Dataset content:
--------------------------------------------------
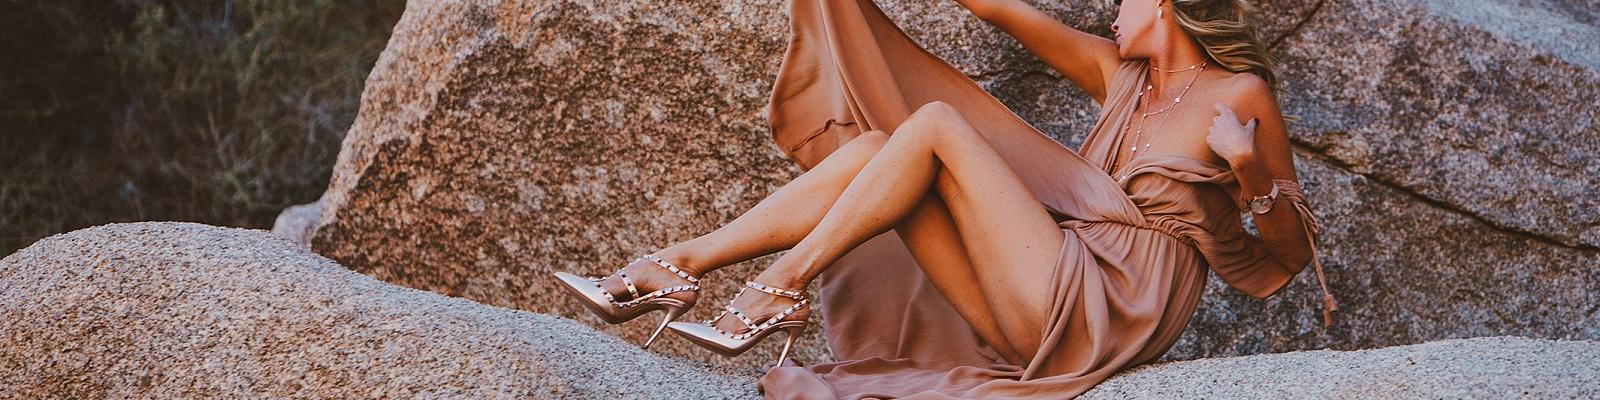 Laila Libertine's Cover Photo
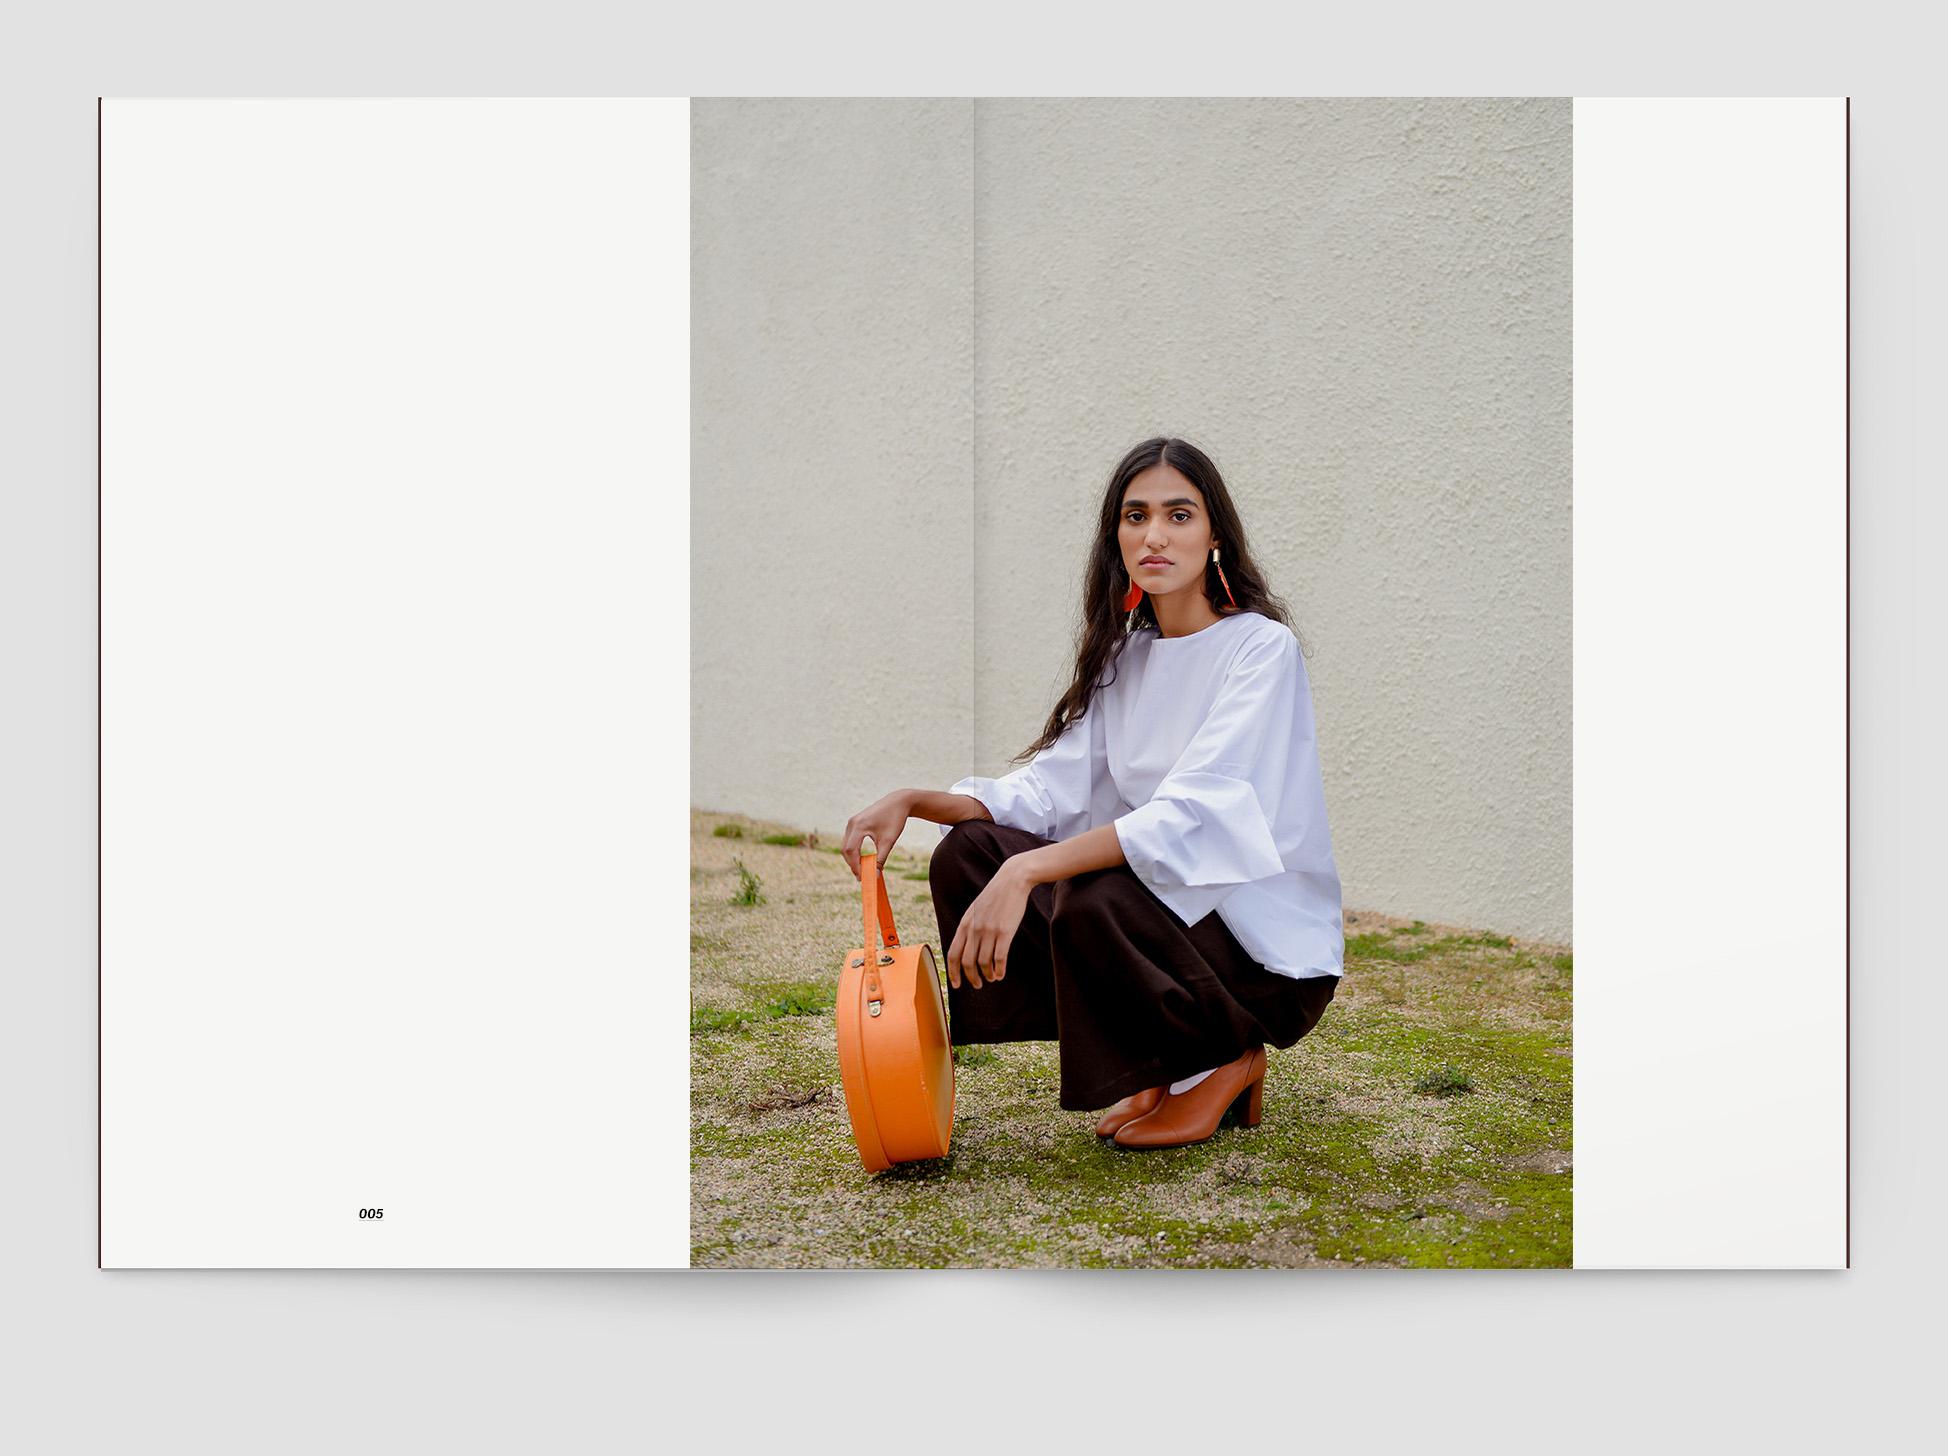 005 Flare khadi cotton shirt  005 Flare linen pant
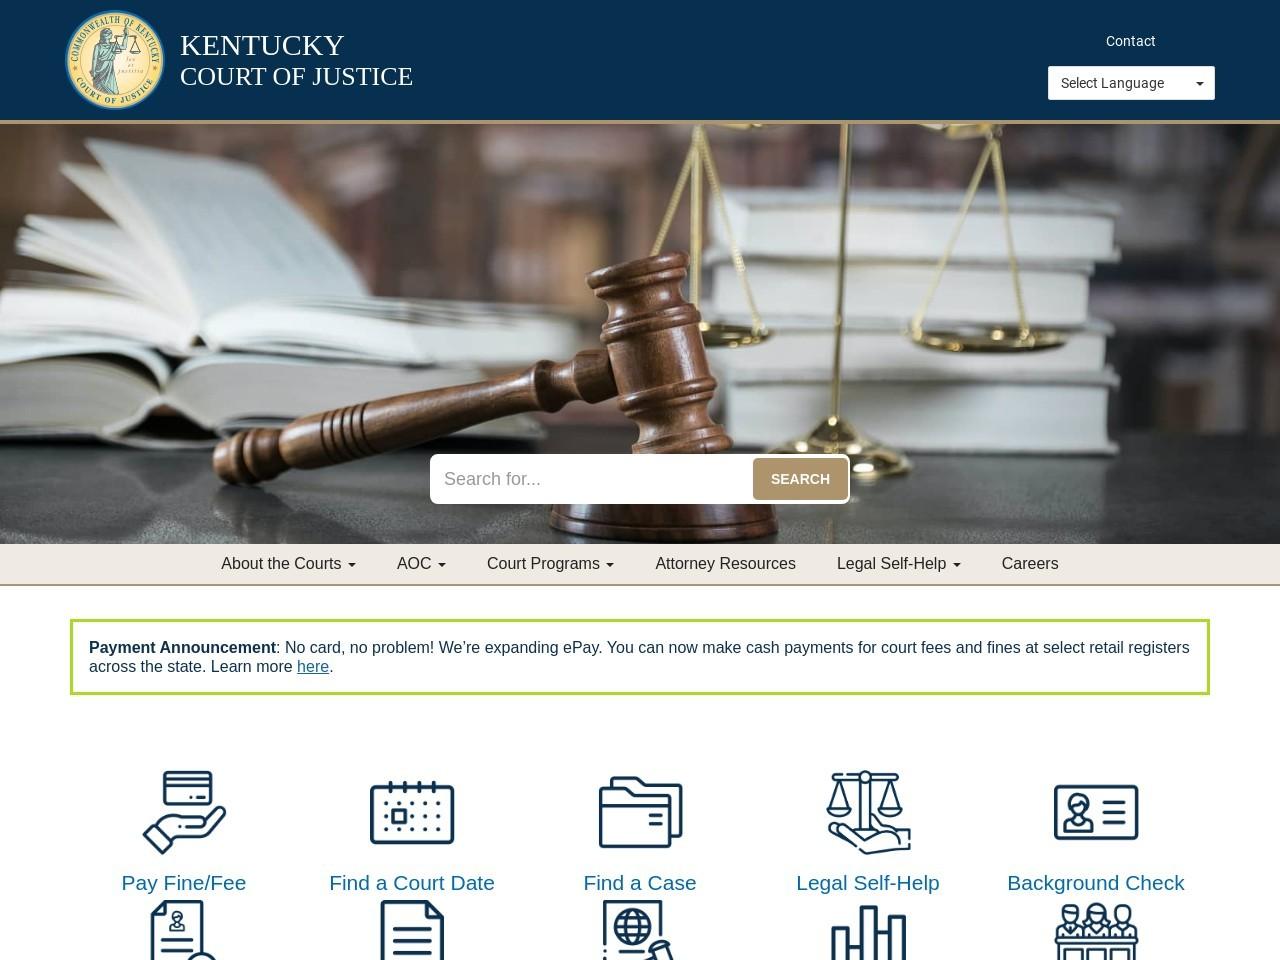 courts.ky.gov
--------------------------------------------------
Transcribe all of the data above exactly; no picture belongs in the copy.

 Laila Libertine's Cover Photo
 005 Flare khadi cotton shirt  005 Flare linen pant
 courts.ky.gov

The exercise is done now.